Когда родилась Луна - Сара А. Паркер
Еще одна вспышка драконьего пламени озаряет небо, проникая в расщелины между тропинками, согревая мою кожу своим сияющим теплом ― от этого света лед словно горит.
Но не только это.
Бледные остатки невидимых рун, начертанных на столбах, светятся.
Руны, которые придают терракотовому камню ледяное сияние.
Руны, видимые только благодаря драконьему пламени.
Нахмурившись, я смотрю вверх, наблюдая за борьбой саберсайтов. Снова проносятся так близко, что их заостренные хвосты угрожают вспороть купол, пока они борются за доминирование.
― Тебе есть что скрывать, Лунный свет?
Ее раздраженный ответ я слышу почти мгновенно ― его доносит до меня прохладный ветерок. Как будто она стоит прямо рядом со мной.
― Какое абсурдное предположение.
Я не упускаю волнения в ее голосе. Тон, который я слышал лишь однажды.
Когда я нашел ее в тюремной камере и откинул крышку своего вельда, в котором был язычок драконьего пламени Райгана, чтобы увидеть зажившую рану на ее голове.
Я зажмурил глаза, сцепляю руки за шеей и крепко сжимаю.
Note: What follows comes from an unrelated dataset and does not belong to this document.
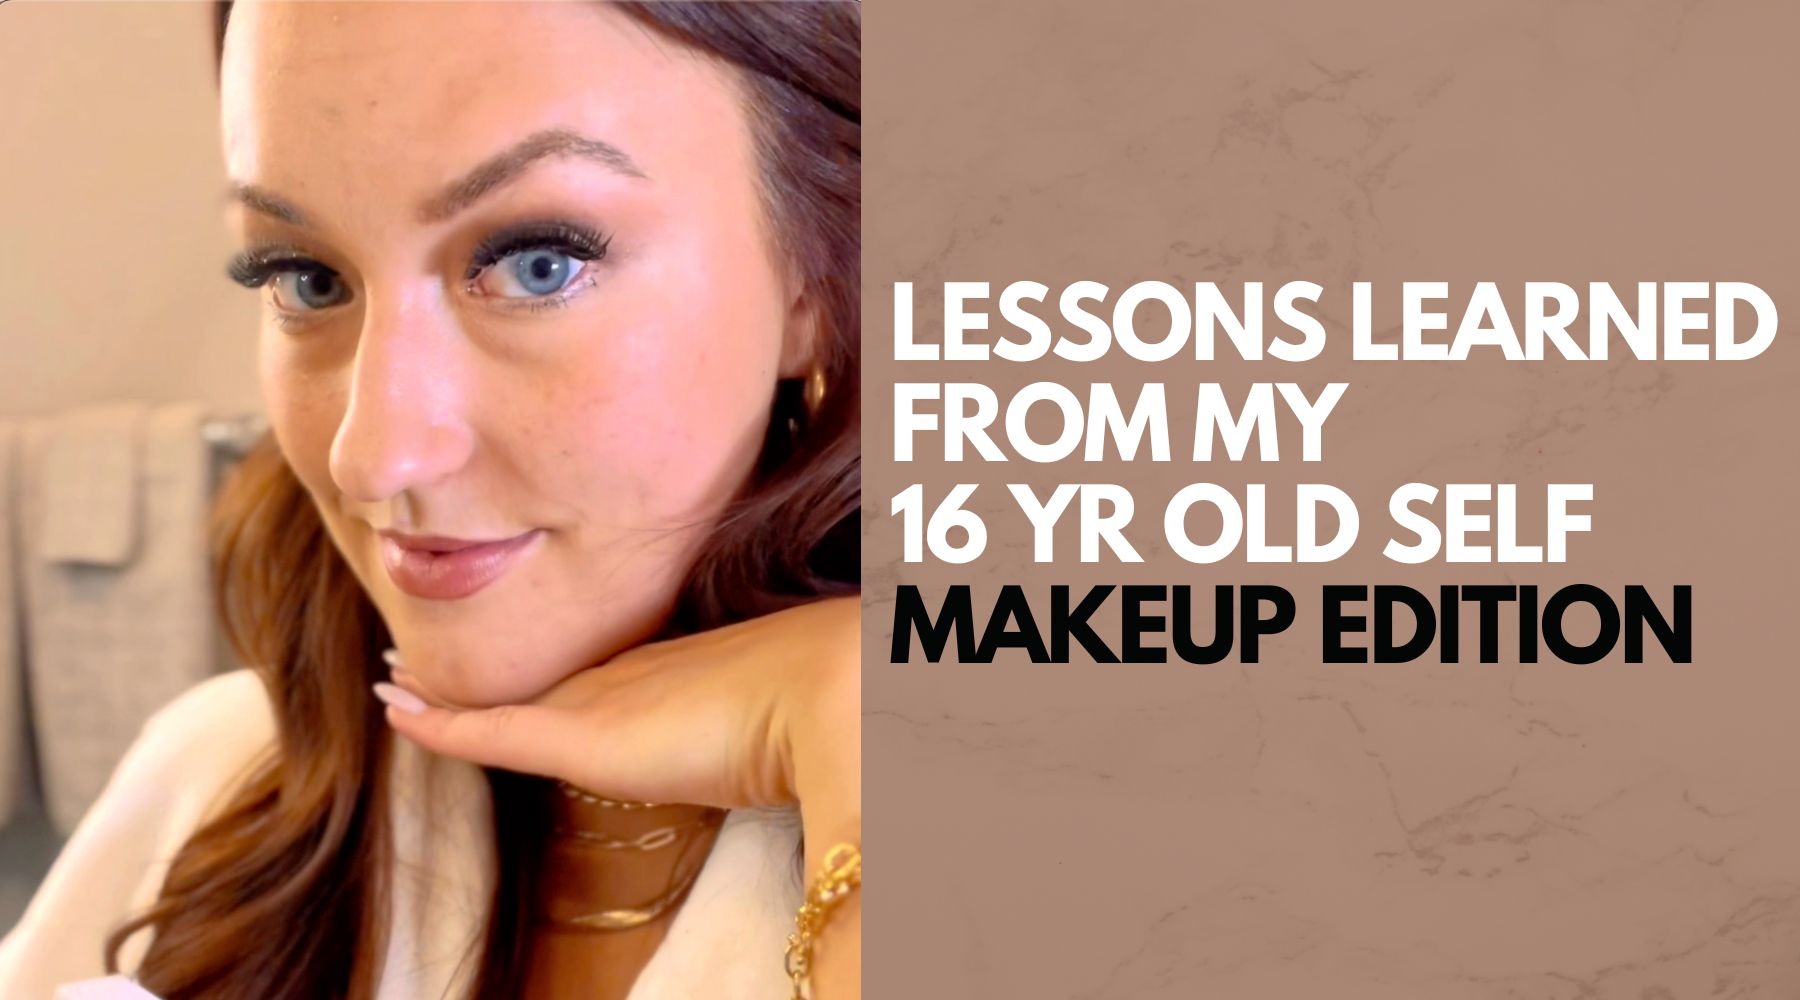 Beauty Lessons Learned From My 16 Yr Old Self - Makeup Edition
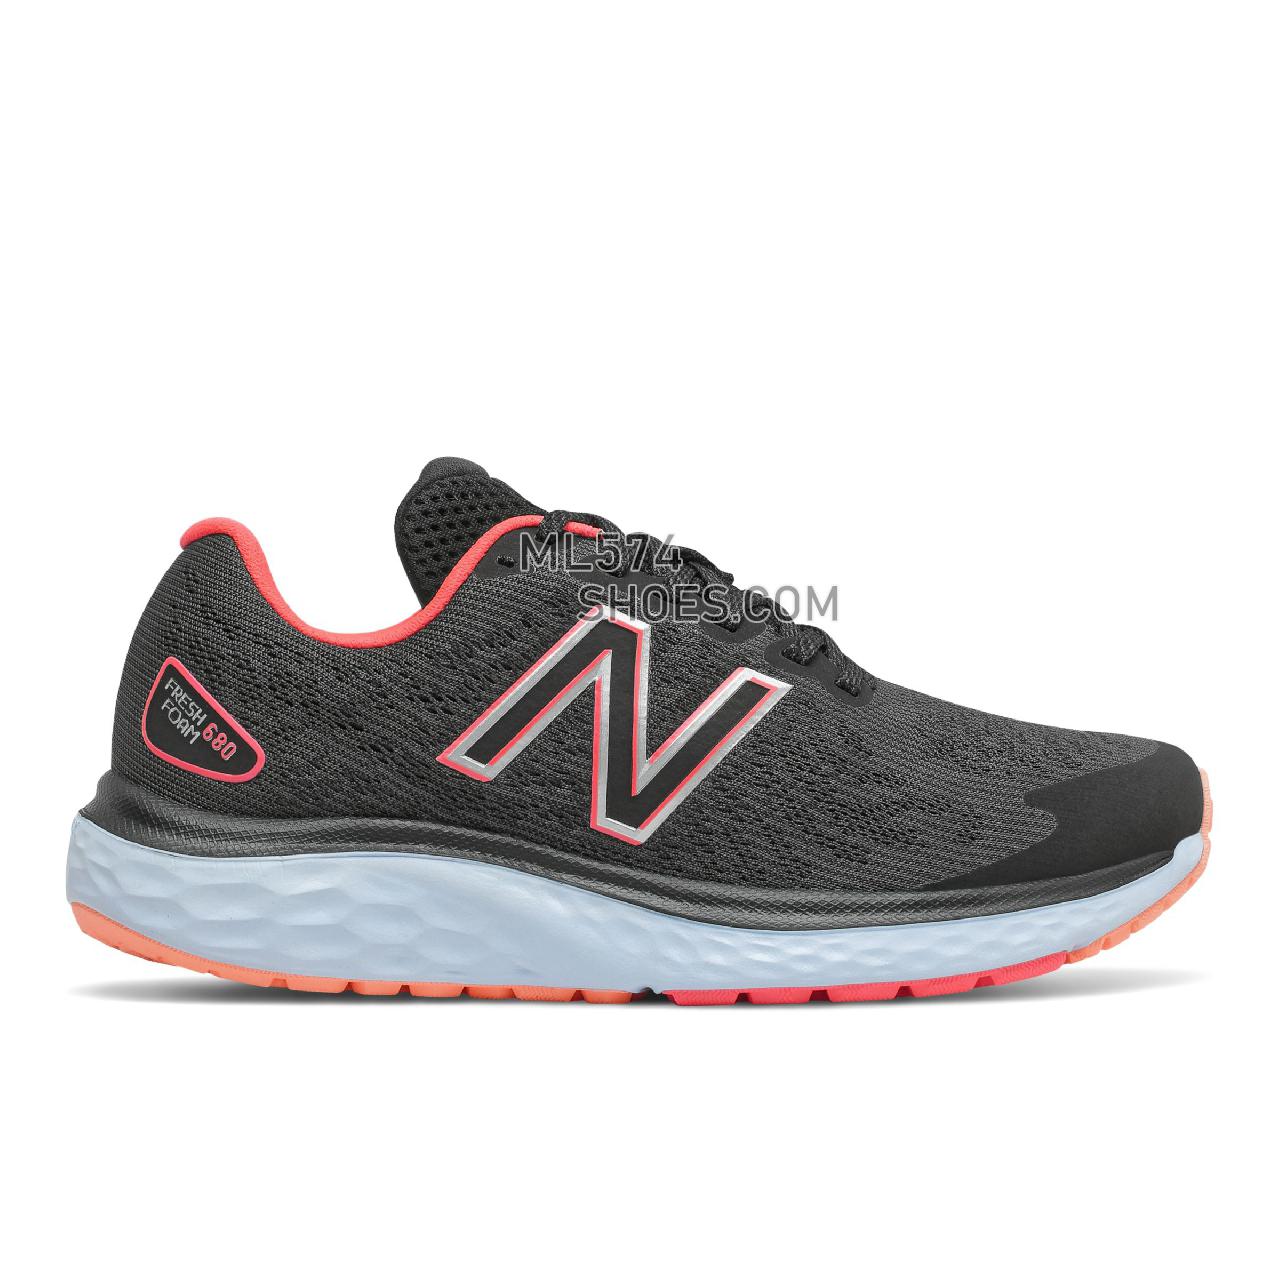 New Balance Fresh Foam 680v7 - Women's Neutral Running - Black with vivid coral and citrus punch - W680LF7

― Тогда почему ты убежала?
Тишина.
Еще одна вспышка огня.
Еще одна трещина в моем сердце.
― Я думала, тебе нравится выслеживать меня?
Это преподносится как шутка, но я вижу, чем оно является на самом деле ― отвлекающим маневром.
― Или это была ложь, Ваше Величество?
Нет.
Эллюин обычно пряталась в джунглях, ее игривые звуки эхом разносились среди деревьев.
Я устремлялся в погоню за ней.
Ловил ее.
Занимался с ней любовью.
Это совсем другое. Теперь я уверен, что она что-то скрывает, возводя высоченные стены.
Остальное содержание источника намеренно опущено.